First I was asked all sorts of silly questions. Do I want “Kiosk”? What's that?
Turn this device into a kiosk to use as a digital sign, interactive display, or other things
What on earth does that mean? I'm baffled. About the only thing I know is that I don't want it. What I do want is to incorporate it into my network, and for that I have a setup page. And they have changed at least the appearance of their setup menus again! Are they just trying to annoy people? Set up the system name (“must reboot for it to take effect”) and Ethernet interface seems to work, but I couldn't find any way to set the domain name. Finally found it where I would never have expected it: System → About → Advanced → Computer name → More, then set "primary DNS suffix of this computer". This, too, wants me to reboot!

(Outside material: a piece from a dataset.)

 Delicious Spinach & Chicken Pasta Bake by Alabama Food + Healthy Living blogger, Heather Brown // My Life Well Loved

Creating a new user was also confusing because they have changed their terminology—I think—but finally I got it done. But then I had to enter recovery methods, first a phone number, and then these STUPID “security questions”: What was the name of your first pet? Where were you born? What was your nickname at school? So I had to invent responses that don't match reality and write them down somewhere. 2FA may irritate me, but at least it often works, but these “security questions” really piss me off.
OK, reboot, which worked. Now seemed a good time to remove silly things like Copilot (what's that?) and Microsoft Store, which seems to have nothing to do with online storage.

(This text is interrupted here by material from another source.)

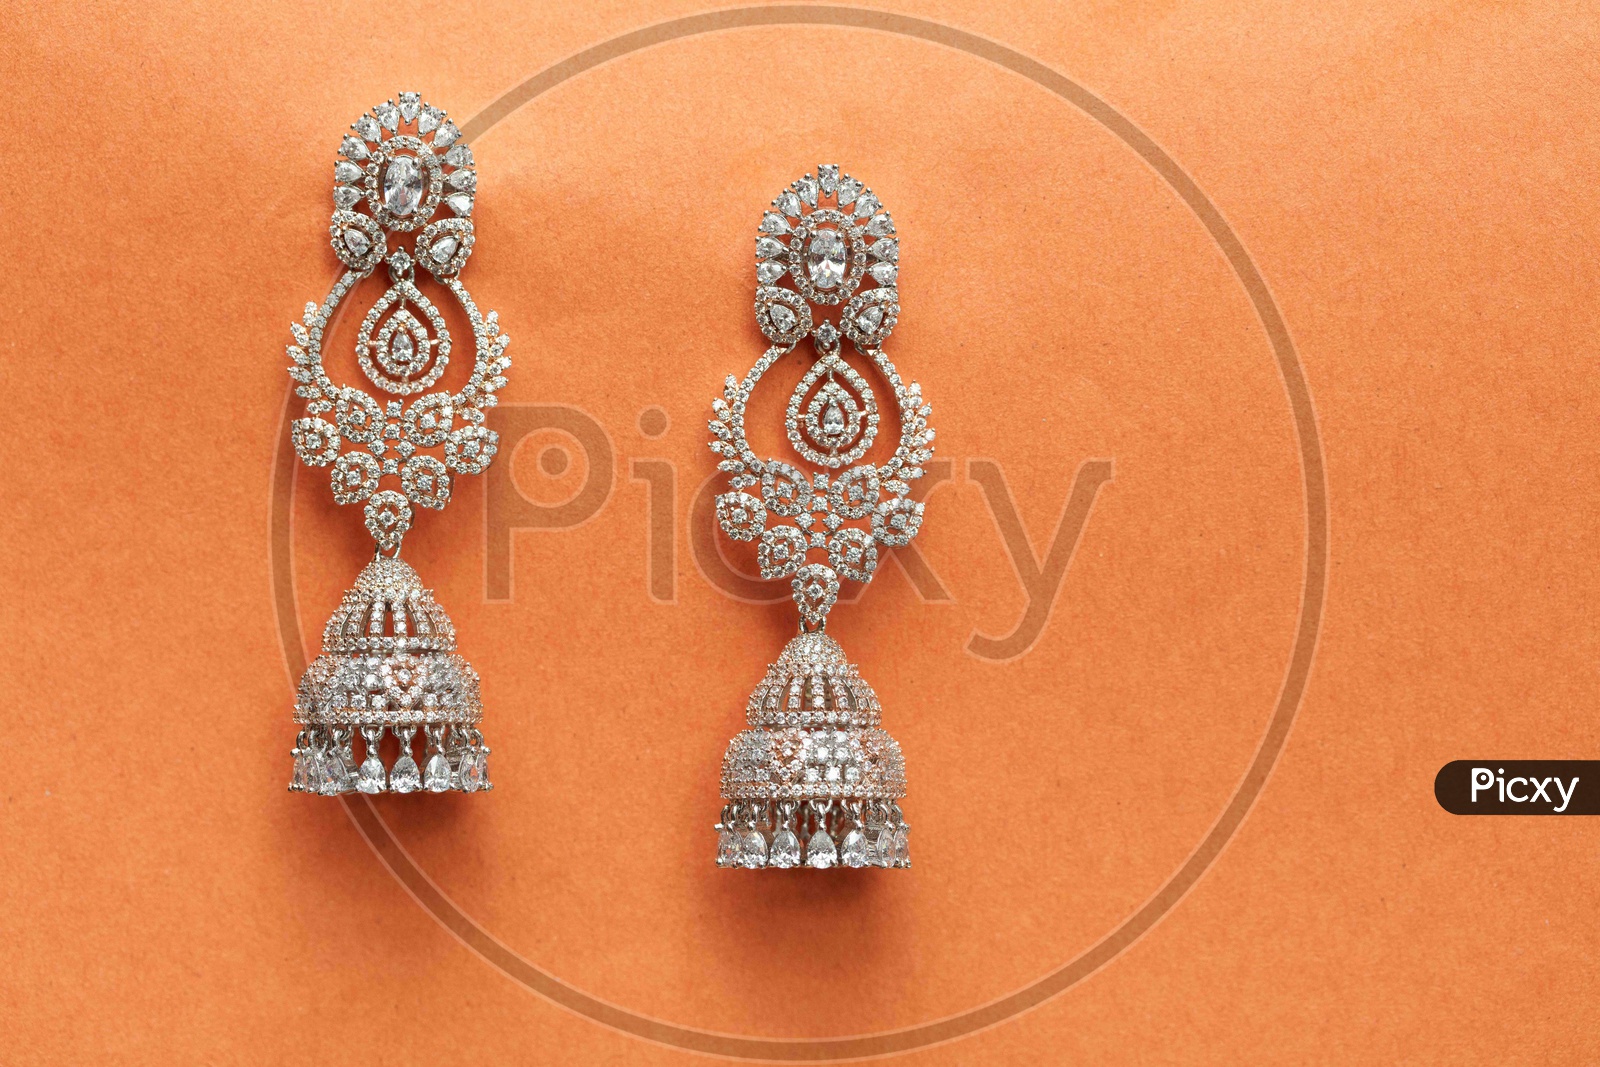 Buy Fida Ethnic Traditional White Stone Studded Gold Colour Small Jhumka  Hook Earrings For 3Women at Amazon.in

Next set up remote desktop. That worked also, up to a point. It seems that rdesktop still doesn't support “Network Level Authentication”, so I need to disable that. But I couldn't find the button. Finally Google Gemini to the rescue, which told me:
Open System Properties:
Press Windows key + R, type sysdm.cpl, and press Enter.
Go to the Remote Tab:
In the System Properties window, click on the "Remote" tab.
Uncheck NLA:
Under the "Remote Desktop" section, uncheck the box that says "Allow connections only from computers running Remote Desktop with Network Level Authentication (recommended)."
Apply and OK:
Click "Apply" and then "OK."
Is that the only way? Probably not. My guess is that it's a direct access to some submenu that isn't easy to find. But it worked. Then, of course, I had issues on the other end: no fvwm menu entry and no /etc/ethers entry for disdain, but I was able to start rdesktop directly and connect to it.
That's some level of success. Left it there and came in some hours later to find the machine still running, apparently because of the rdesktop session. That was once the way I wanted it, but “Windows” 10 disabled it. Now we're back the the way “Windows” 7 used to do.
The end of an era?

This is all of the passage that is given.